November 27 2007 • 12:23 AM

FindBetween: A Useful GREP String

Hey, with the help of Peter Kahrel’s GREP in InDesign CS3 book, I was able to figure out how to do something in InDesign that I’ve always said was possible to do with GREP, but didn’t really know how. Not only is it a handy Find/Change action, but it’s very easy to modify for different situations that designers are often confronted with.

The action is this: Find [some text] that’s in between [whatever], and then apply formatting to just the text, not what’s surrounding it. One example would be formatting parenthetical text without formatting the parentheses themselves: turn (this) into (this) and (that other thing) into (that other thing) all at once, throughout the story or document, with a simple click.

Here’s the GREP expression that finds one or more words of parenthetical content, but doesn’t include the parentheses themselves in the found instances:

(?<=\().*?(?=\))

If you copy and paste that GREP string into the Find What field in the Edit > Find/Change > GREP panel of InDesign CS3, and then click the Find First button, InDesign selects the first instance of parenthetical text, but not the parentheses themselves. Cool!

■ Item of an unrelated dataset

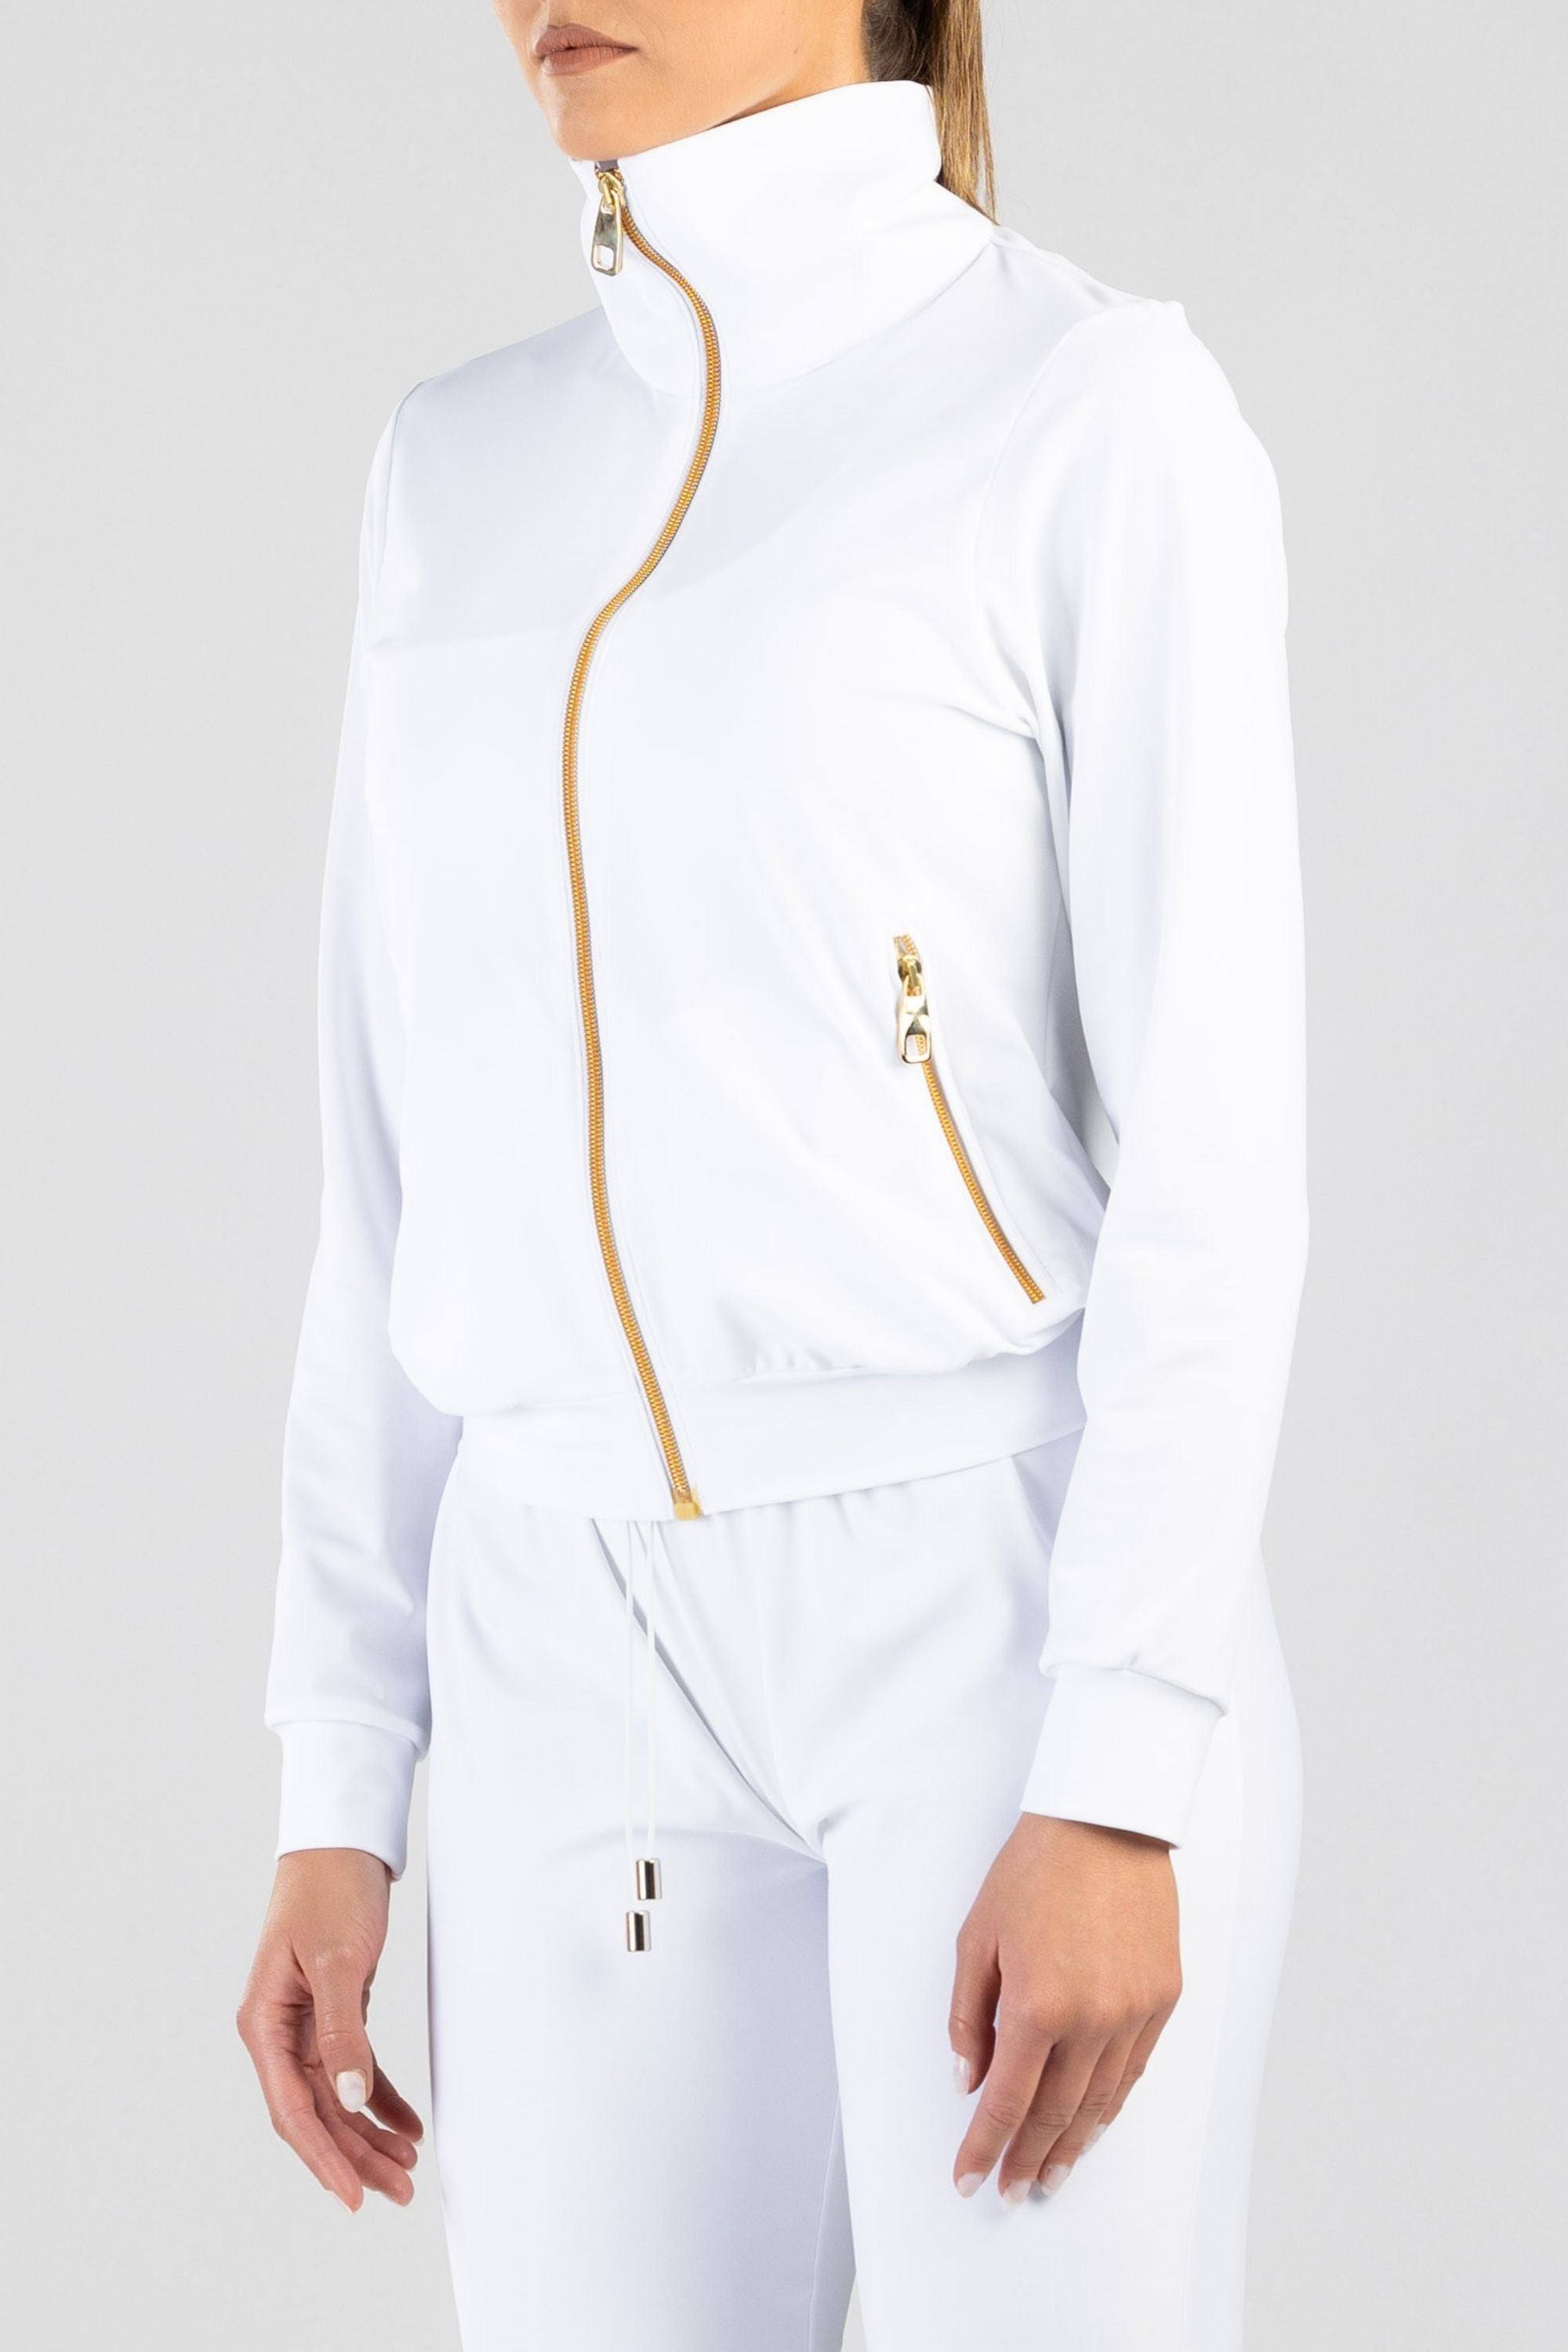 Women's Luxury Tracksuits  Find the perfect outfit for any occasion -  Antoninias
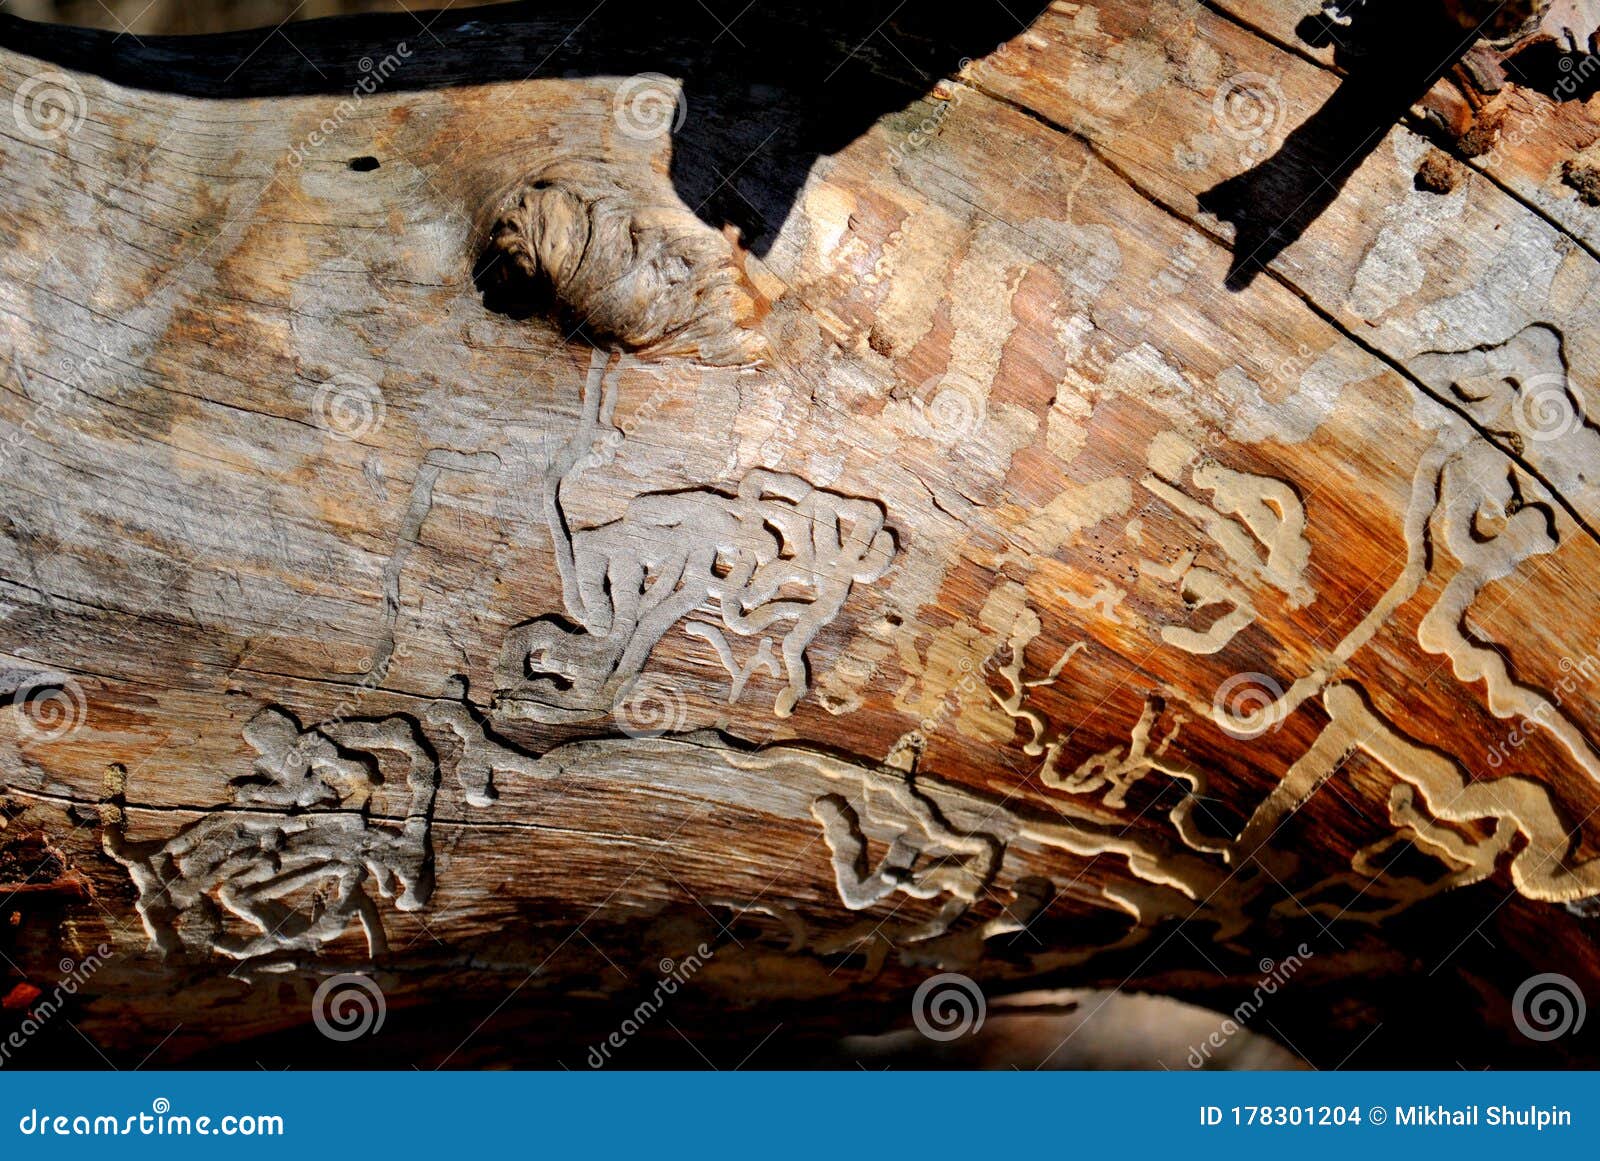 The Structure of a Dry Tree Eaten by a Bark Beetle Stock Photo - Image ...

That means that back in the Find/Change > GREP panel, you can change just the found text’s formatting by specifying what you want in the Change Format area (leave the Change To text field blank). Here I’m specifying that InDesign should italicize parenthetical text, but leave the parentheses untouched:

1-findbetween.gif

Easily Modify the Search
Below is the same GREP string, but this time the characters that govern what the “surrounding items” should be are highlighted in red so you can see what I’m talking about:

(?<=\().*?(?=\))

The first instance is an opening parenthesis, which needs to be “escaped” with a backslash so InDesign knows it’s a literal parenthesis, not some more GREP code. The second instance is the closed parenthesis, again preceded by a backslash to escape it.

I typed these in myself, but it’s simpler to let InDesign drop in the special code that GREP needs. Just choose the special character you want from the dropdown menu next to the GREP Find What field:

1-findbetween2.gif

So, to find text surrounded by a pair of em dashes (but not the em dashes themselves) you’d change both instances of the red characters so it finds an em dash instead of an opening or closing parenthesis. According to the dropdown menu, GREPese for an em dash is a tilde followed by an underscore:

(?<=~_).*?(?=~_)

Here’s the string to find text in between any kind of double quotes, nice and simple:

(?<=).*?(?=)

In case you’re wondering, Peter says this type of GREP search is called a “Lookaround” — a combination of a Lookahead and a Lookbehind. All the “look*” type of GREP searches share one thing in common … they let you tell InDesign to find some text based on a character that precedes or follows it, but not to include that character in the found text itself.

Save the GREP String

If you think you’d find this useful, don’t forget to click the disc icon in the GREP panel of Find/Change so you can save it and recall it from the dropdown menu of saved searches from now on. I called mine “FindBetween.”

Just for fun (and to test out sharing saved searches), I uploaded my FindBetween search … it’s a tiny XML file …. in case you want to download it. Drop it into the GREP folder inside your Preferences > Adobe InDesign > Version 5.0 > Find-Change Queries folder on your hard drive.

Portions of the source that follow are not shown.